In this repository, I developed an unsupervised Machine Learning (ML) algorithm using k-means clustering and Density-Based Spatial Clustering of Applications with Noise (DBSCAN) to detect and characterize combustion-driven source regimes for PM2.5. The algorithm calculates the duration and emission rate of PM2.5 within these regimes. This approach is feasible due to the unique temporal patterns exhibited by PM2.5 concentrations during source emission regimes compared to other courses. The absence of labeled data on PM2.5 sources necessitated an unsupervised learning framework. This research is a side part of the Mahdavi et al. (2021) paper published in "Environmental Pollution" where PM concentrations were measured using optical sensors in a single-family home for a duration of close to 6 weeks in Summer 2018. The full-length article can be found in the "About" section.

Brief Abstract to the Work

After measuring PM2.5 and other particulate metrics (such as total suspended particles (TSP), PM10, and PM1) using a TSI DustTrak particle monitor over a six-week period, the minutely time-series concentrations were analyzed.
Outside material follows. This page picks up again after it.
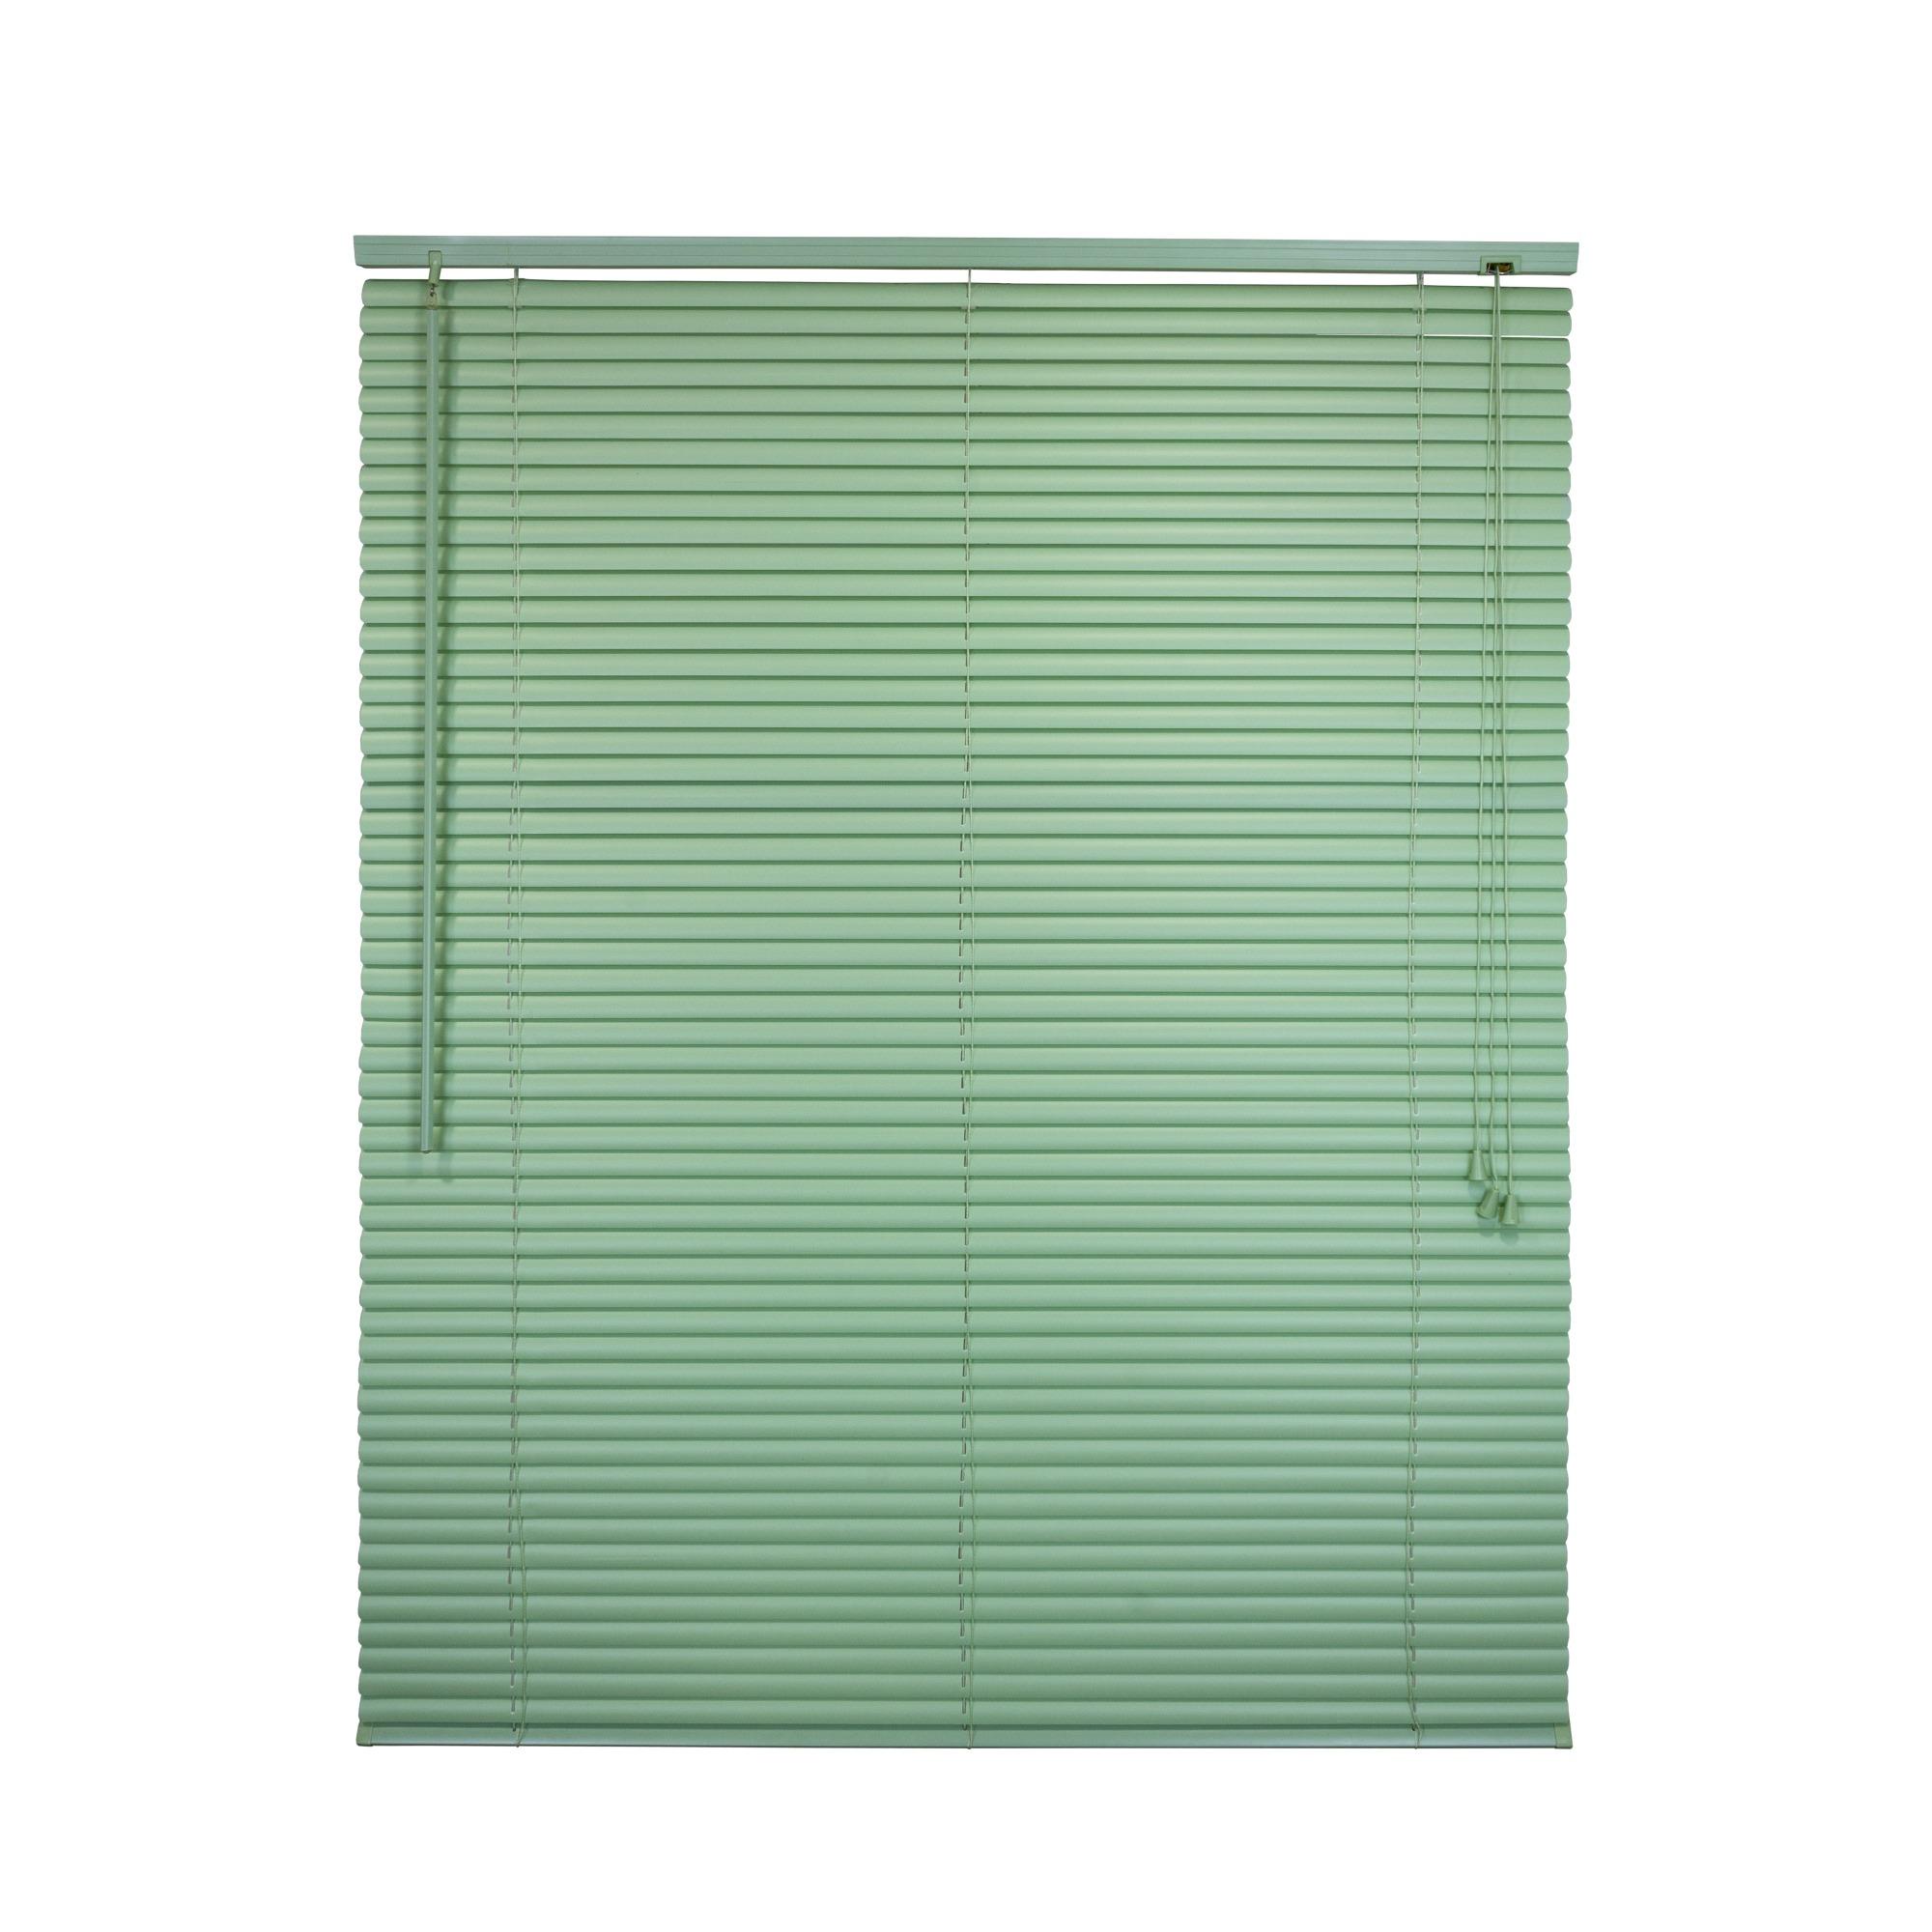 Persiana Horizontal PVC 100x125 cm Verde - Liyang

Key features were extracted, including concentration, rate of change in concentration, outdoor concentration, nearby peak concentrations, proximity to baseline levels, wind speed and direction (impacting air exchange rate), and HVAC runtime status. These features were used to identify source, decay, and baseline clusters, with the source clusters determined using k-means and/or DBSCAN unsupervised machine learning (ML) algorithms.

Results indicated that k-means and DBSCAN are effective for identifying extended source emission durations for PM2.5. Algorithms using fewer features (e.g., concentration and its rate of change) significantly outperformed those using multiple features, even after dimensionality reduction techniques such as principal component analysis (PCA) or t-distributed stochastic neighbor embedding (t-SNE). Estimated durations of extensive source emissions were 1.2% and 2.9% by k-means and DBSCAN, respectively, showing that high-emission events, such as cooking, are typically brief—a finding consistent with survey data. However, DBSCAN slightly overestimated durations, likely capturing normal concentration increases from other sources, such as exterior infiltration.

The characterization of source regimes by unsupervised ML algorithms can subsequently inform mass balance equations, supporting IAQ experts with more accurate estimates of indoor particle concentrations and emission rates.